Building Reaction Time

There are a couple of methods to teach a student how to react properly to unexpected obstacles. One is to have the instructor walk backward in front of the student while dragging a cane in front of him, just out of reach of the student’s cane. As the student drives forward, the instructor backs away. At some random moment the instructor allows the two canes to hit. That is when the student should stop. However, the instructor should not stop backing away, because the student might use the instructor’s stop as a cue to pay attention to the cane. If the student’s chair rolls past the point where the two canes made contact, she is driving too fast. With practice, the student may improve her reaction time and be able to speed up again, but should continue at a slow pace until there is improvement.

The instructor should vary, within the arc, where the canes make contact. Some students are more successful detecting contact from one direction than the other. For example, the student may be very accurate detecting contact when the cane moves from right to left, but fail (or be slower) to recognize it when her cane moves from left to right. The instructor should also make sure the contacts happen across the width of the arc, not just at the center.

Watch video CS5f: Cane Techniques: Building reaction time.

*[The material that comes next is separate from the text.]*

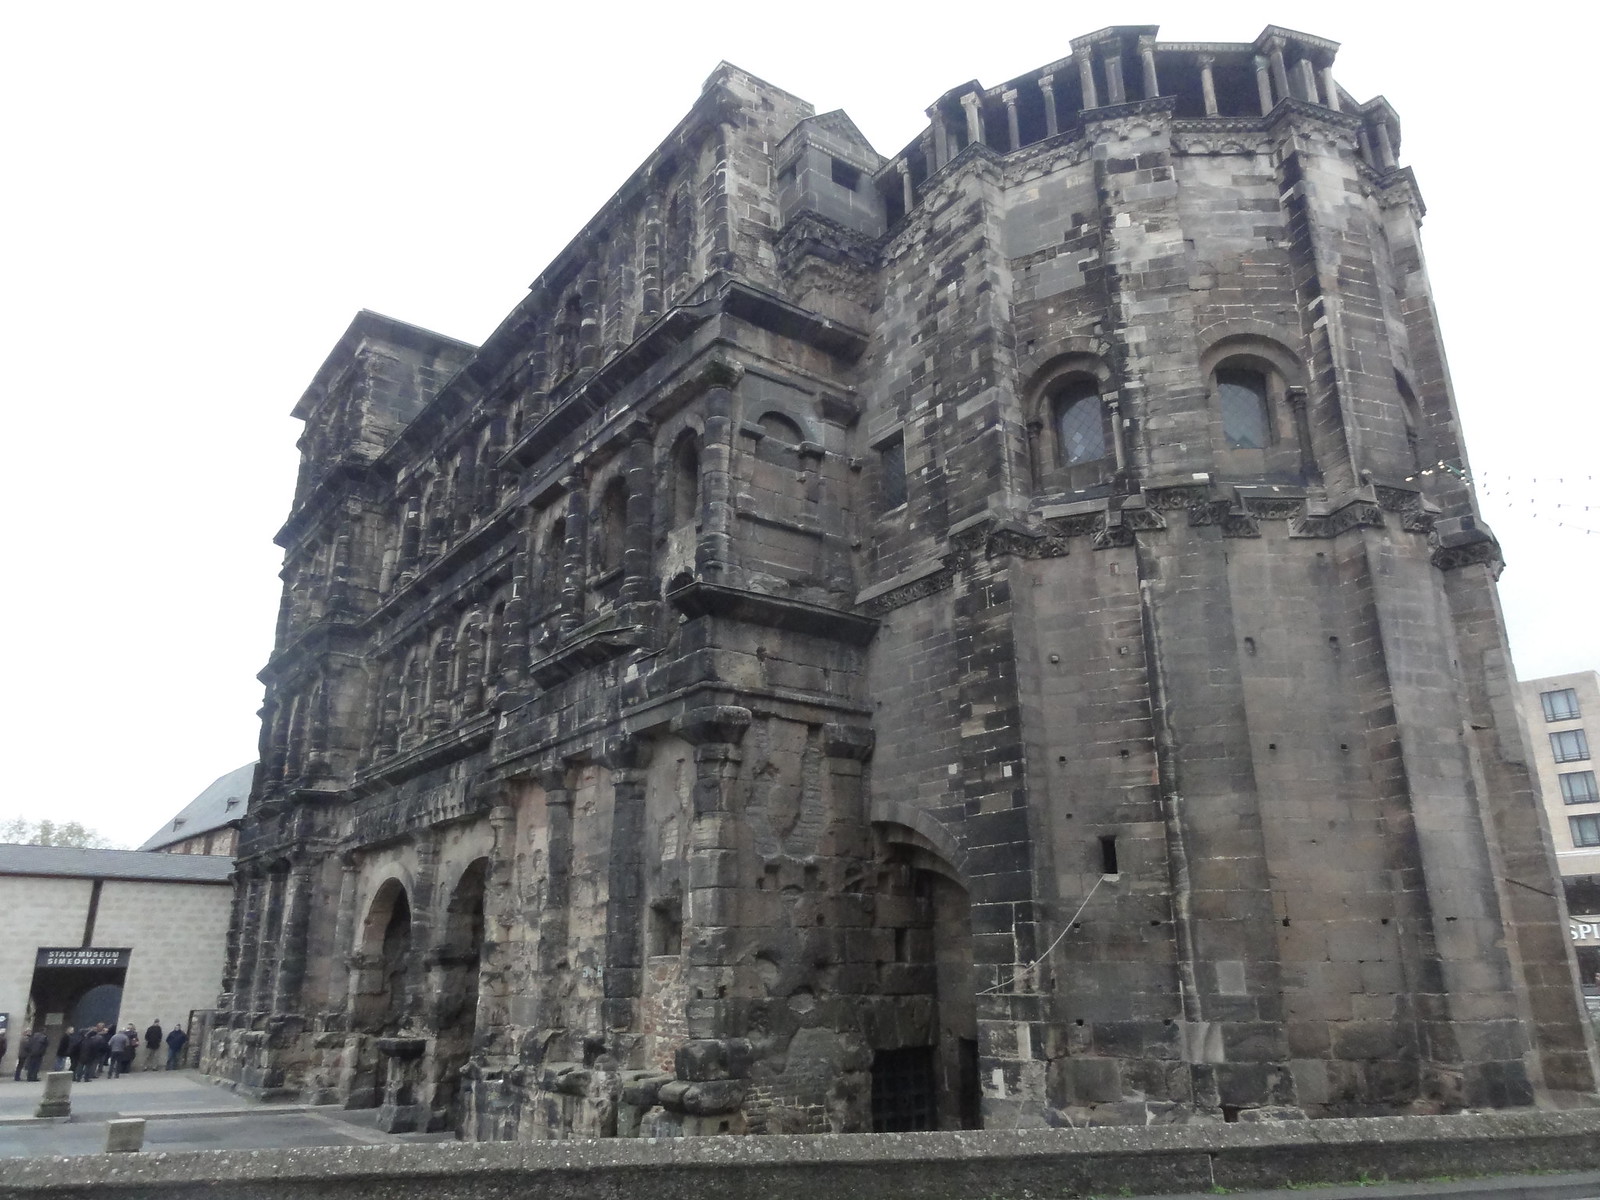 Trier – The Oldest City In Germany

If the student is watching her cane, or the instructor’s cane, the instructor may want to occlude the student’s vision, either totally or partially. Total occlusion can help direct the student’s attention to her cane. However, if the student has a difficult time maintaining her line of travel, partial occlusion may be more effective. Partial occluders can be made by putting tape or paper over the bottom half of the lenses of a pair of sunshields. By blocking just the bottom half of the visual field, the student should not be able to see the canes, but can still use the upper field of vision to assist with maintaining the line of travel.

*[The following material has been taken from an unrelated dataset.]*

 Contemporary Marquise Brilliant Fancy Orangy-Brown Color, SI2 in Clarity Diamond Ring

Another method to teach a student how to properly react to obstacles is to create an obstacle course. There are three stages of training and some additional advanced work that can be utilized. During the first stage, the student should learn how to detect the obstacle and pull up to it without running into it. The obstacles should be objects that will move easily, such as chairs or small trash cans, so that neither the chair nor the obstacle is damaged during the practice. New cane users may not have a good feel for the distance between them and the cane tip. In turn, new chair users may not have a good feel for the distance the chair will travel with just a tap of the joystick, and scooter drivers often press the throttle-control lever in the wrong direction. As the student improves, obstacles that the student cannot reach out and touch such as books, canes, and ropes should be used. If the student has vision, the obstacles should be of a color that will blend in with the floor. Again, full or partial occlusion can help the student learn to rely on the cane.

Watch video CS5g: Cane Techniques: Obstacle course: Stage one.

The second stage of training involves driving around the obstacle without hitting it. Students often struggle with spatial relationships and bumping things when they turn. Learning when to turn, adjust the speed, or power down is a very important lesson for new students.

Watch video CS5h: Cane Techniques: Obstacle course: Stage two.

The third stage is to navigate successfully a slalom-style course. The student will practice weaving through and around several objects in a line. Many students forget that when the cane contacts something it is a couple feet ahead of them; they want to turn immediately instead of waiting for the wheelchair or scooter to reach the turn.

While the initial obstacle courses can be made with chairs or trash cans, eventually the student should work with lower obstacles that will be harder to see or out of reach without the use of a cane.

Watch video CS5i: Cane Techniques: Obstacle course: Stage three.

If the student appears to be navigating visually without relying on the cane, the instructor may provide lower-field occluders. The occluders allow the student to use lights or walls to maintain her overall orientation, but force her to rely on the cane for information about what is at her feet or wheels. Students who flew through the obstacle course by relying on their vision may be exceedingly slowed with the occluders. In wheelchairs, it is even more important to get information from the cane because the student will lose valuable information by not feeling what is underfoot. Full occlusion forces the student to rely even more on information from the cane. The decision to use either type of occlusion should be discussed with the student and agreed to before initiation.

Watch video CS5j: Cane Techniques: Obstacle course: Stage three with occluders.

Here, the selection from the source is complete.